The open-loop control of MEMS: modeling and experimental results

Abstract

As adaptive optics (AO) technology progresses, both wide-field and high-order wavefront correction systems become reachable. Deformable mirrors (DMs) in these advanced architectures must exhibit exemplary performance to give low wavefront error. Such DMs must be economically attainable, meet stroke as well as flatness requirements, and show stable and repeatable actuation. Micro-electrical mechanical systems (MEMS) deformable mirrors, undergoing testing and characterization in the Laboratory for Adaptive Optics (LAO) at the University of California at Santa Cruz, show promise on these fronts.

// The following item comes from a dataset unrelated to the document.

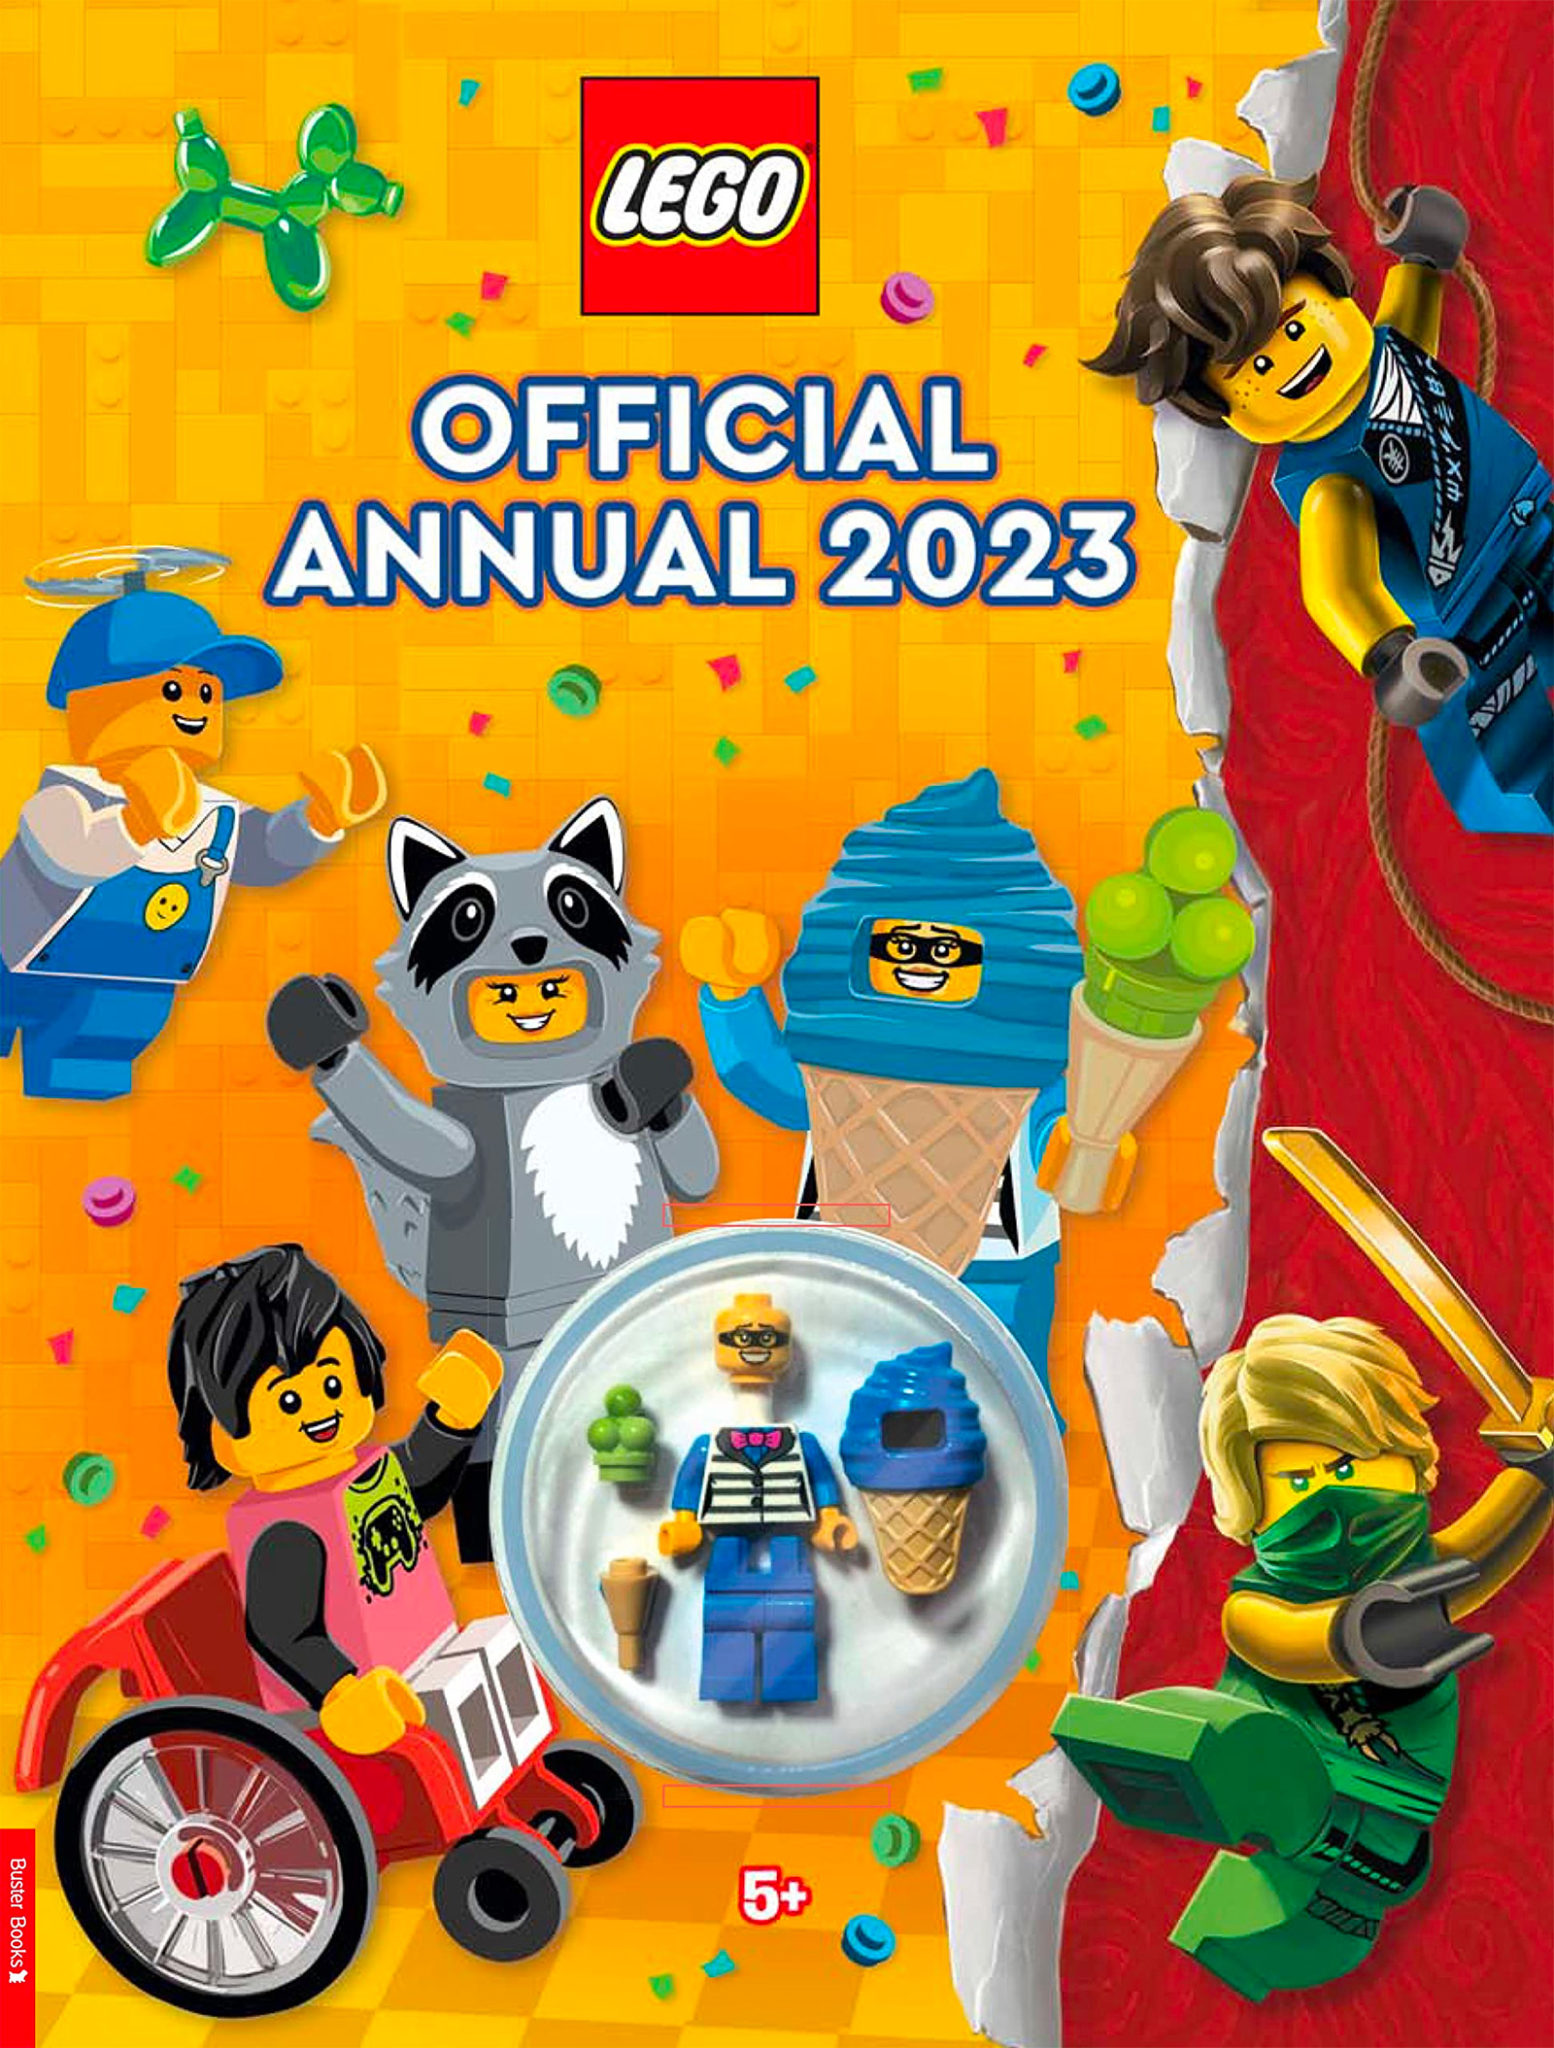 लेगो आधिकारिक वार्षिक 2023: आपके संग्रह के लिए पोशाक में एक और चरित्र

In addition to requiring advanced deformable mirror technology, these progressive AO architectures require advanced DM control algorithms. We therefore present a formulation for accurate open-loop control of MEMS deformable mirrors. The electrostatic actuators in a discrete-actuator MEMS device are attached via posts to a thin reflective top plate. The plate itself can be well-modeled by the thin plate equation. The actuators, although nonlinear in their response to applied voltage and deformation, are independent of each other except through forces transmitted by the top plate and can be empirically modeled via a calibration procedure we will describe. In this paper we present the modeling and laboratory results. So far in the lab we have achieved open loop control to ∼15 nm accuracy in response to arbitrary commands of ∼500 nm amplitude. Open-loop control enables a wealth of new applications for astronomical adaptive optics instruments, particularly in multi-object integral field spectroscopy, which we will describe.